Provided data:

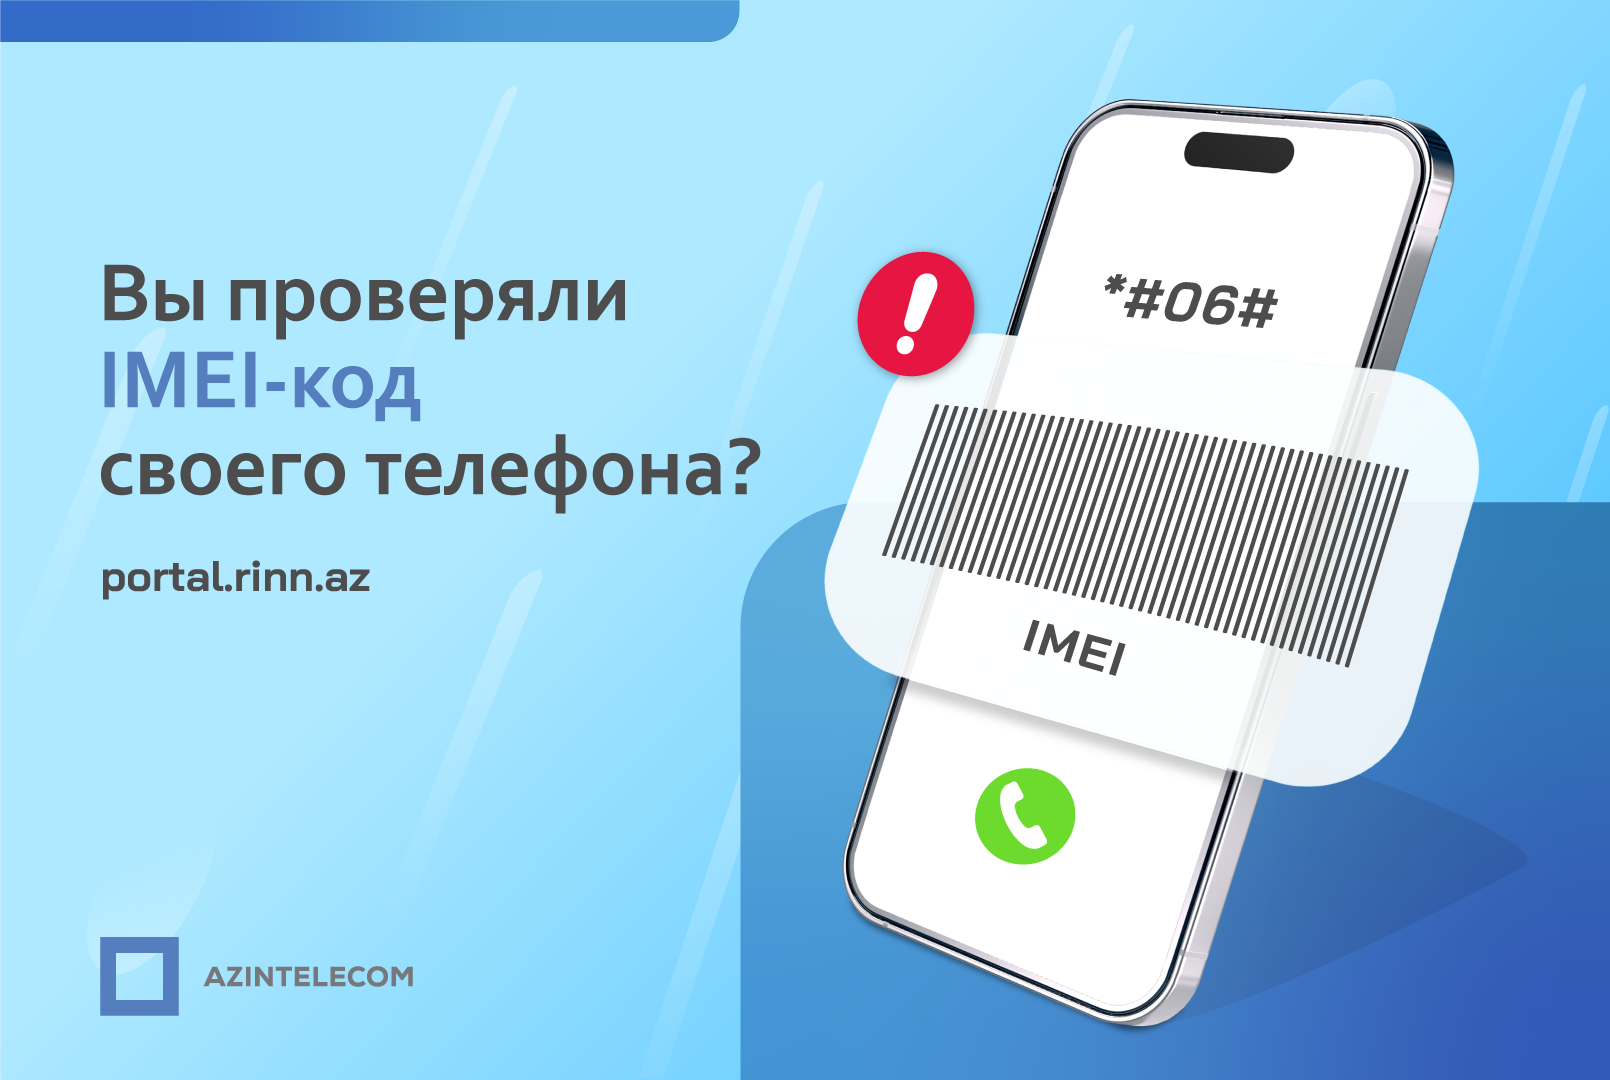 В Азербайджане было 1 005 737 попыток подключения к сети с заблокированными  кодами IMEI - AzInTelecom
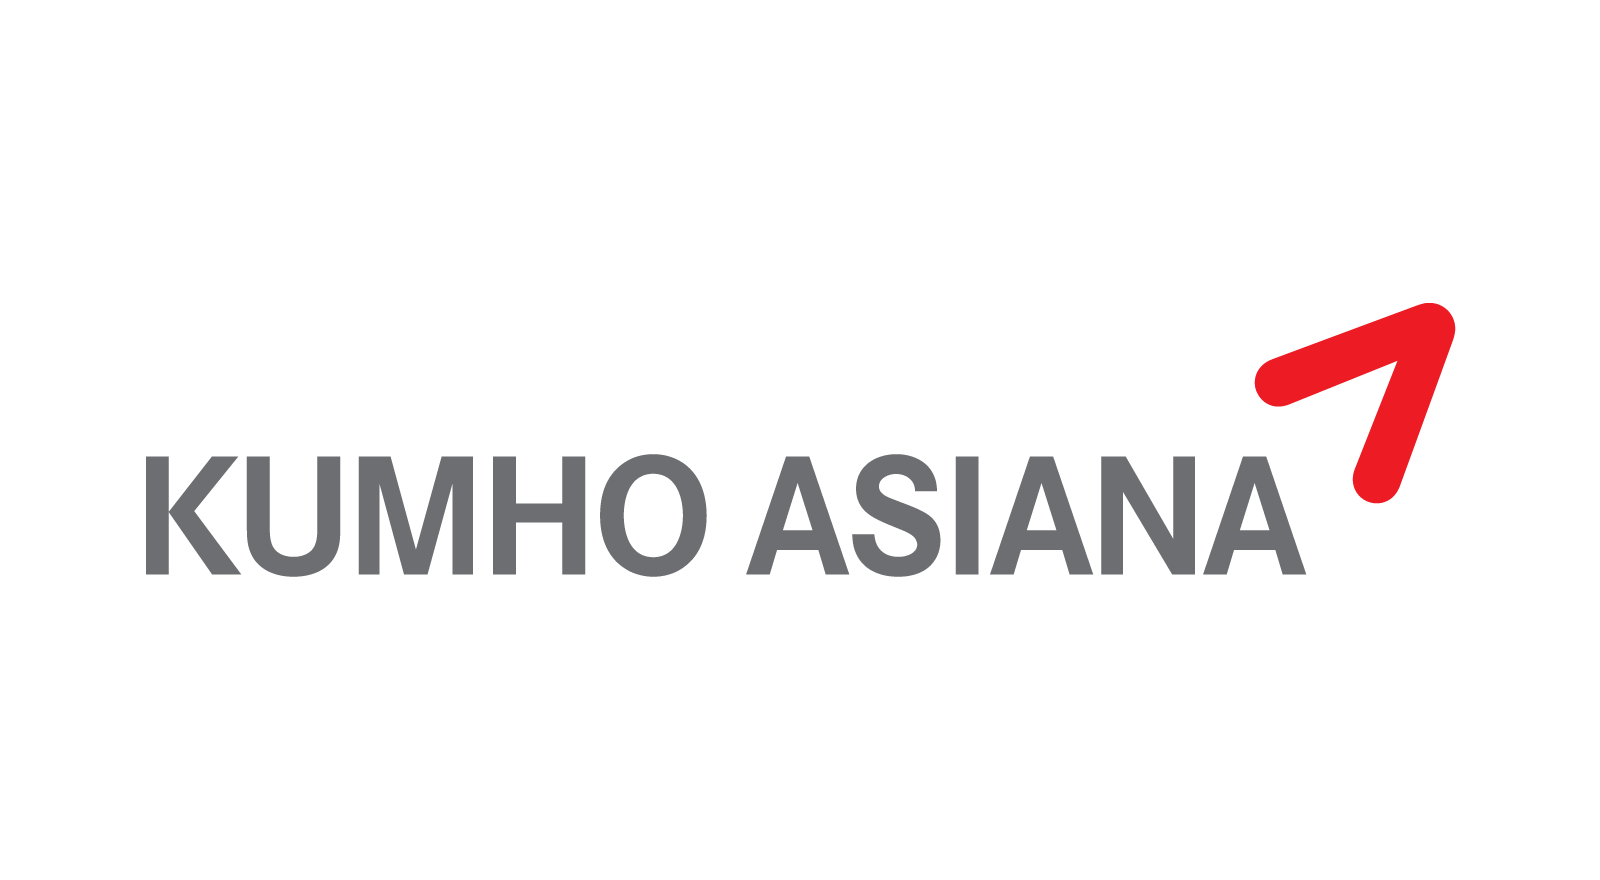 Asiana Logo - Kumho Asiana logo
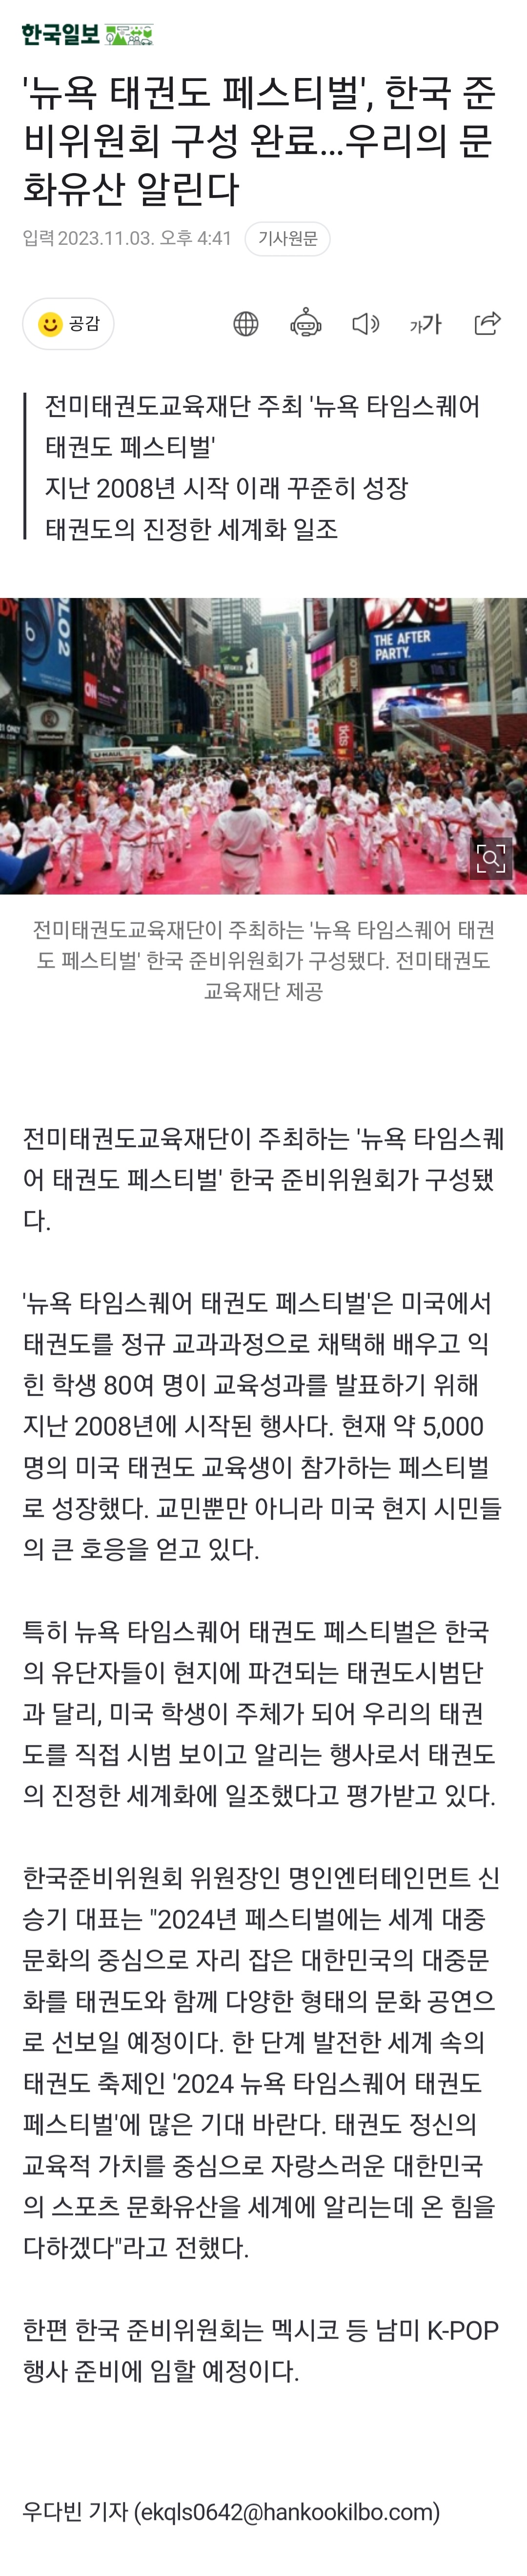 한국일보 기사원문.jpg
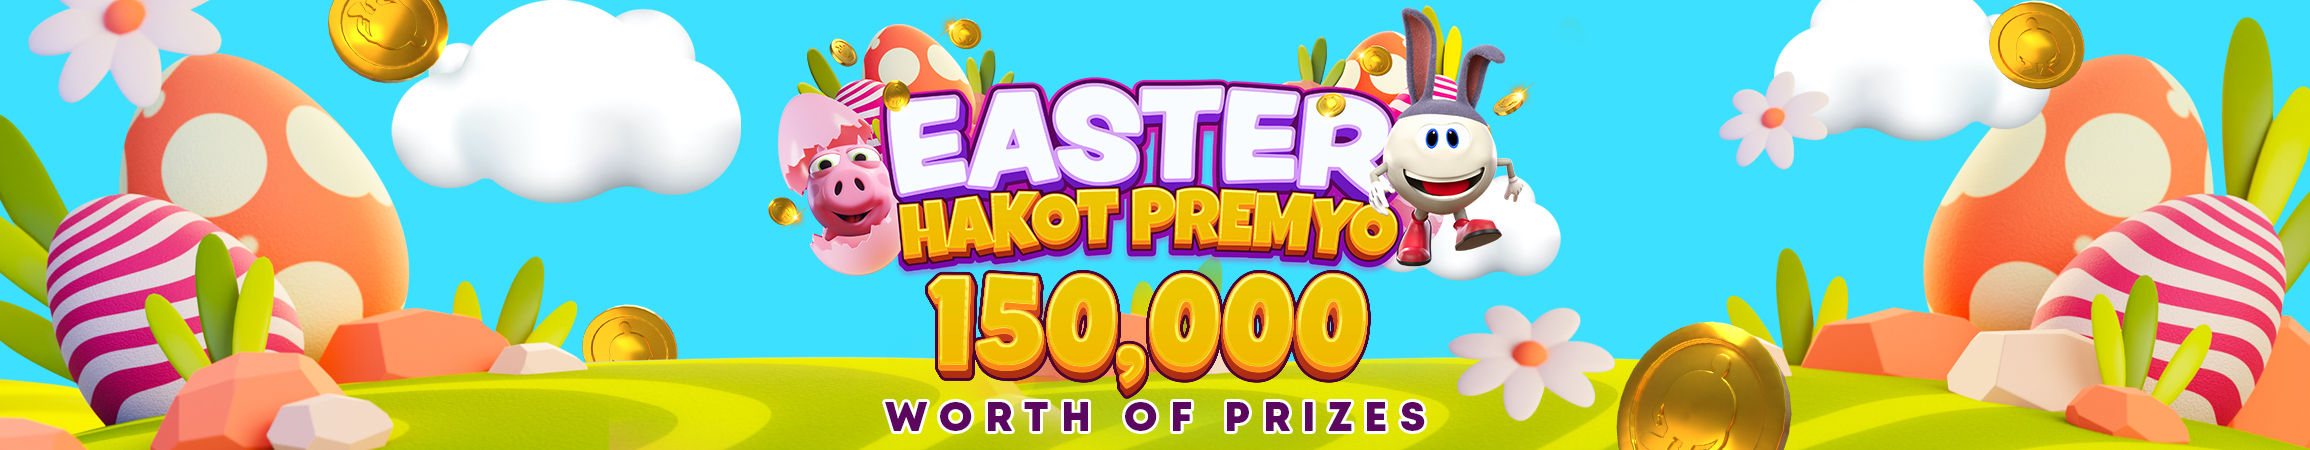 FBM® brings eggs full of prizes on a tasty Easter promo

Work order:
Please restate, word for word, the lines from the one with "Asiana Logo - Kumho Asiana logo" through the final line of the material, both included, and omit the pictures.

Task solution:
 Asiana Logo - Kumho Asiana logo
 한국일보 기사원문.jpg
 FBM® brings eggs full of prizes on a tasty Easter promo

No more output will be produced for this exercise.